Aller gütigister Herr / unn Regierer deß Himmels und der Erden / dieweil es dir gefallen / dieser Kirchen völligen Ablas gnädigklich zu verleyhen / so bitte ich dich / du wöllest den Tag / an welchem solche zu erlangen / gleichfalls bestimmen / unnd beschwere dich durch die Verdienst deiner glorificiertisten Mutter / unser Fürsprecherin / daß du solchen durch dein allerheyligisten Mund selbsten benennen wöllest.

Der Herr antwortet:

Ich bin zu friden deinem Begeren Statt zu thun / benenne derhalben den ersten Tag Augusti / von der Vesper seiner heyligen Vigil an / biß zu Nidergang der Sonnen: deß folgenden Tags / nach dem Fest / an welchem ich meinen Apostel Petrum auß den Ketten und Banden Herodis entlediget hab.

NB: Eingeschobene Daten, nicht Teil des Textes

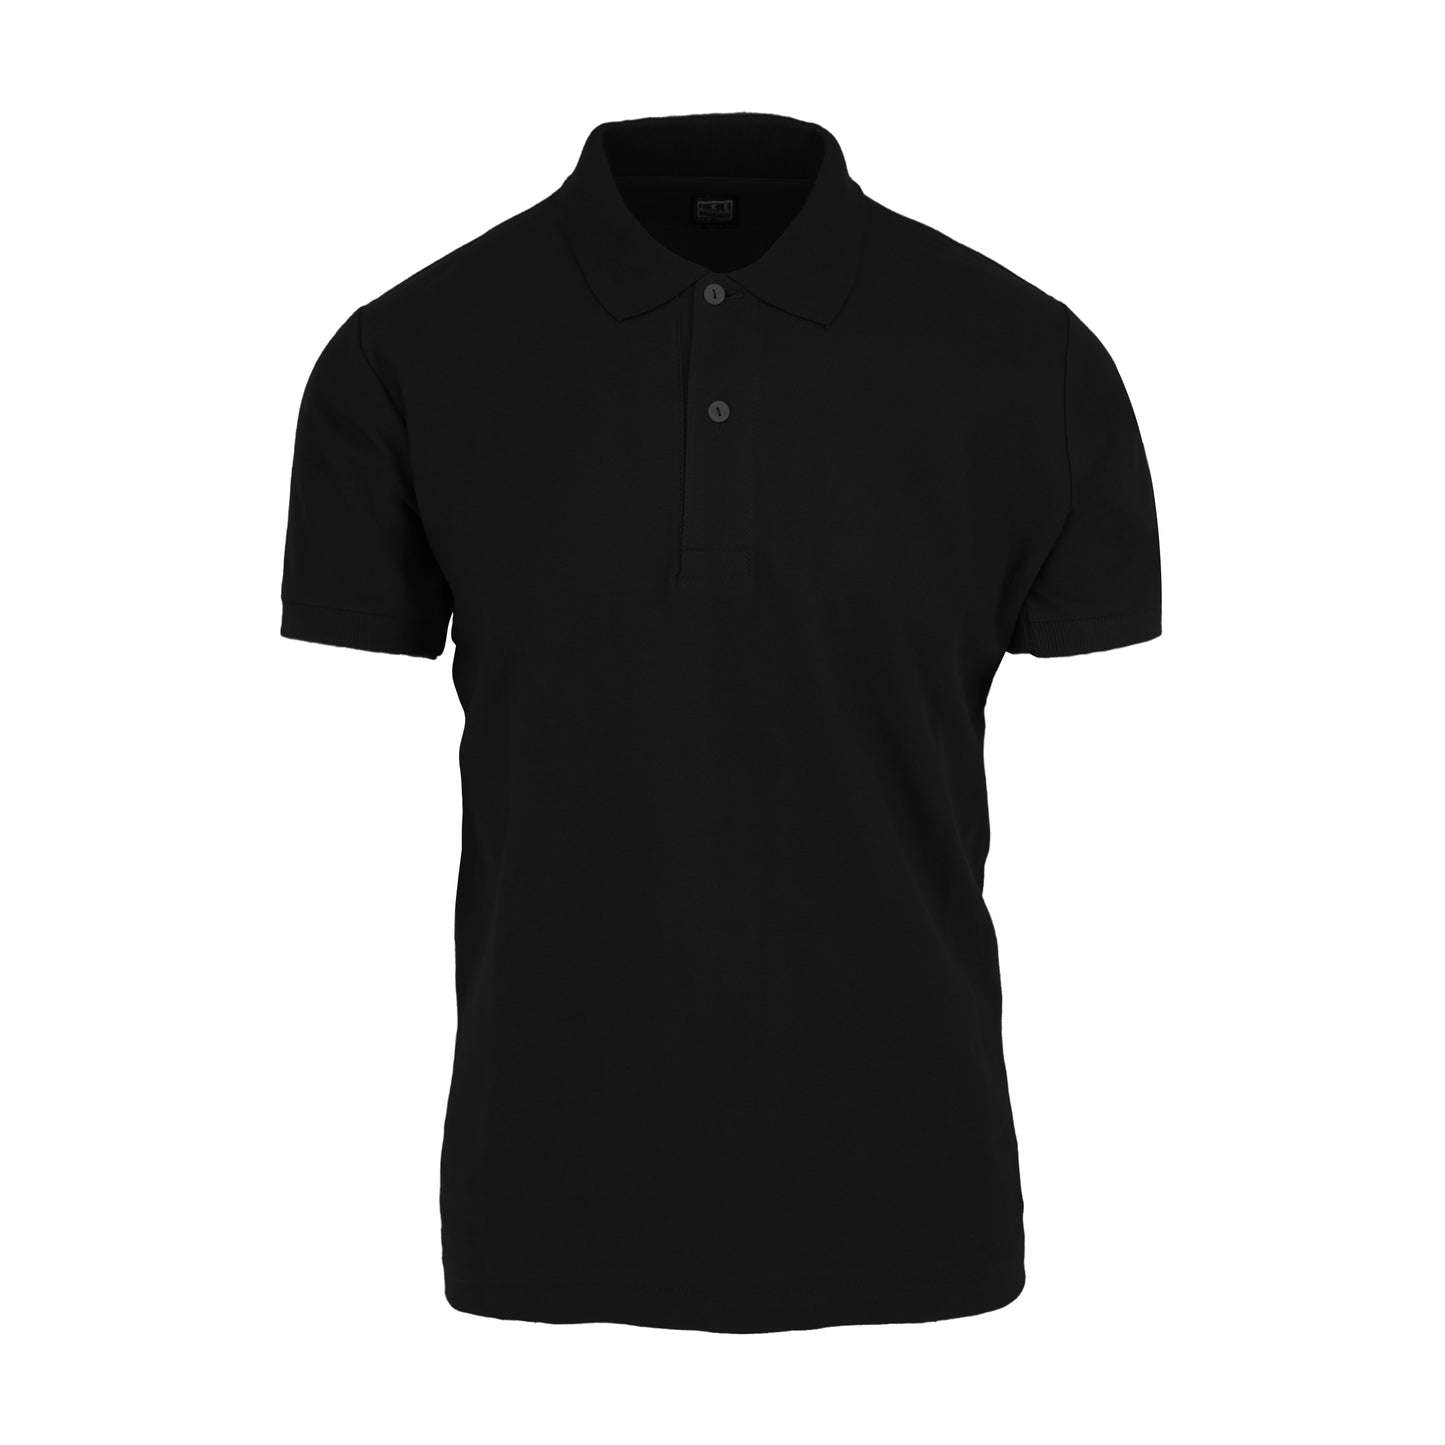 Black Short Sleeve Pique Polo

Darauff sagt der heylig Vatter / nach dem er ime gedancket:

Sag mir aber O Herr / wie wirdt das Volck solches in Erfahrung bringen? Und wie wirt es disem vollen Glauben gehen?

Der Herr spricht:

Ich will zu seiner Zeit daran gedencken: du aber zeuhe wider meinem Vicario zu / und nimme mit etliche deiner Brüder / die solche Erscheinung gesehen / unnd gib ihme etliche deren Rosen / so wirdt er dir den Tag confirmieren / unnd disen Ablas verkünden und publicieren lassen.

Der heylige Vatter nimbt drey weisse unnd drey rote Rosen / und in dem verschwindet der Herr / und wirt durch die Engel das Te Deum laudamus gar lieblich gesungen.

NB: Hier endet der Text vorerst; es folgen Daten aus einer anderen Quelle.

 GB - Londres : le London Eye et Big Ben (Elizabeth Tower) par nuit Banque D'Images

Nach solchem begibt sich der heylige Vatter alsbald auff die Reiß / nimbt die Brüder Bernharden Quintavalle / Angelum von Riete / und Ruffinum / welche vor der Thür der Kirchen solche herrliche Erscheinung gesehen / mit sich / und begibt sich ihr Heyligkeit / welche sich wider sambt dem Hoff gen Rom zu S. Johan Laterano begeben hätte / anzusprechen:

erzehlt derselben alles so ihme Christus Jesus gesagt / berüfft seine Gesellen zu Gezeugen / unnd gibt ihr Heyligkeit die gemelten Rosen / welche als sie ine mit sonderbarer Auffmerckung angehört / unnd sich solche schöne frische / unn wolgeschmackte Rosen anzusehen  nit ersettigen kondte / sagte:

O Rosen? Findet man auch solche in dem Jenner? Diese allein seyn genugsam mich alles dessen so du gesagt hast / zu vergwissen / will derhalben mit den Cardinälen mich underreden / wie deinem Begeren Statt zu thun seye / unn dir alsdann Bescheid geben / verabschidet er sie darmit.

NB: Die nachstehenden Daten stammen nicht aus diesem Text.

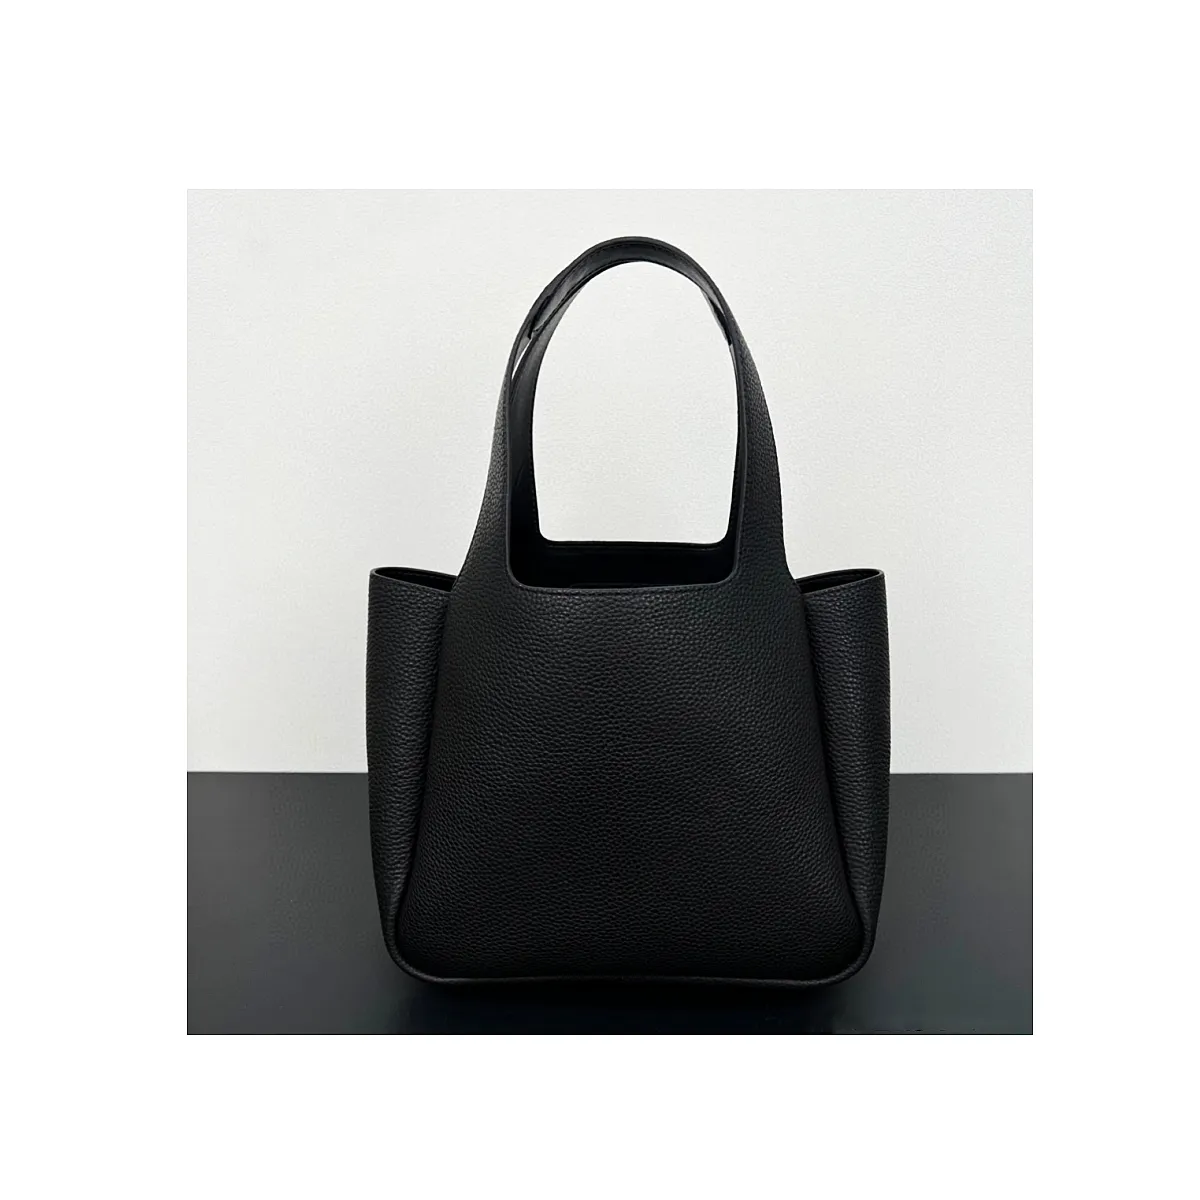 Sacs en cuir en vente célèbre marque élégante créateur de mode dames sacs à main noirs femmes sacs panier personnalisés
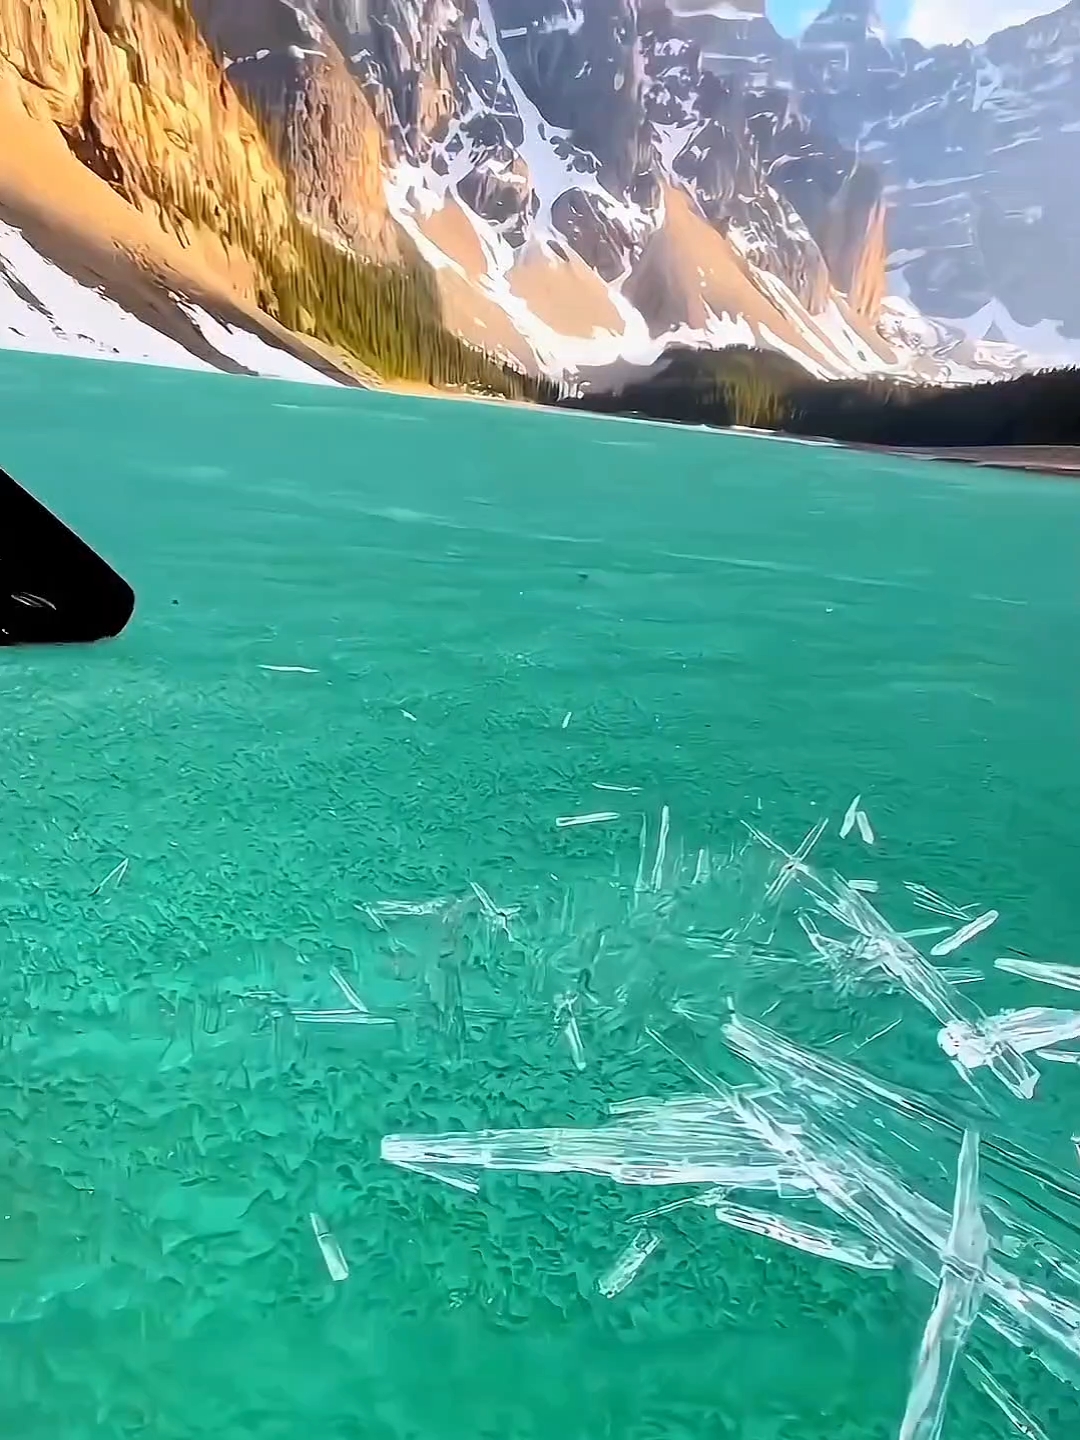 加拿大班夫国家公园“晶莹剔透的冰开始融化了太美了

Als er aber den folgenden Tag wider für den Babst in dem Consistorio der Cardinälen kommen / erzehlt er wider auff ihrer Heyligkeit Befelch / den ganzen Verlauff / sambt dem von dem Herren bestimbten Tag. Darauff spricht der Babst:

Dieweil wir nunmehr vergwißt seyn / daß der Willen deß Herren / deß höchsten unn wahren Babsts (welches Statt wir allhie auff Erden unwürdig vertretten) also ist / so bewilligen wir gleichfals an seiner Statt den ewigen völligen Ablas / in gedachter Kirchen unn Tag.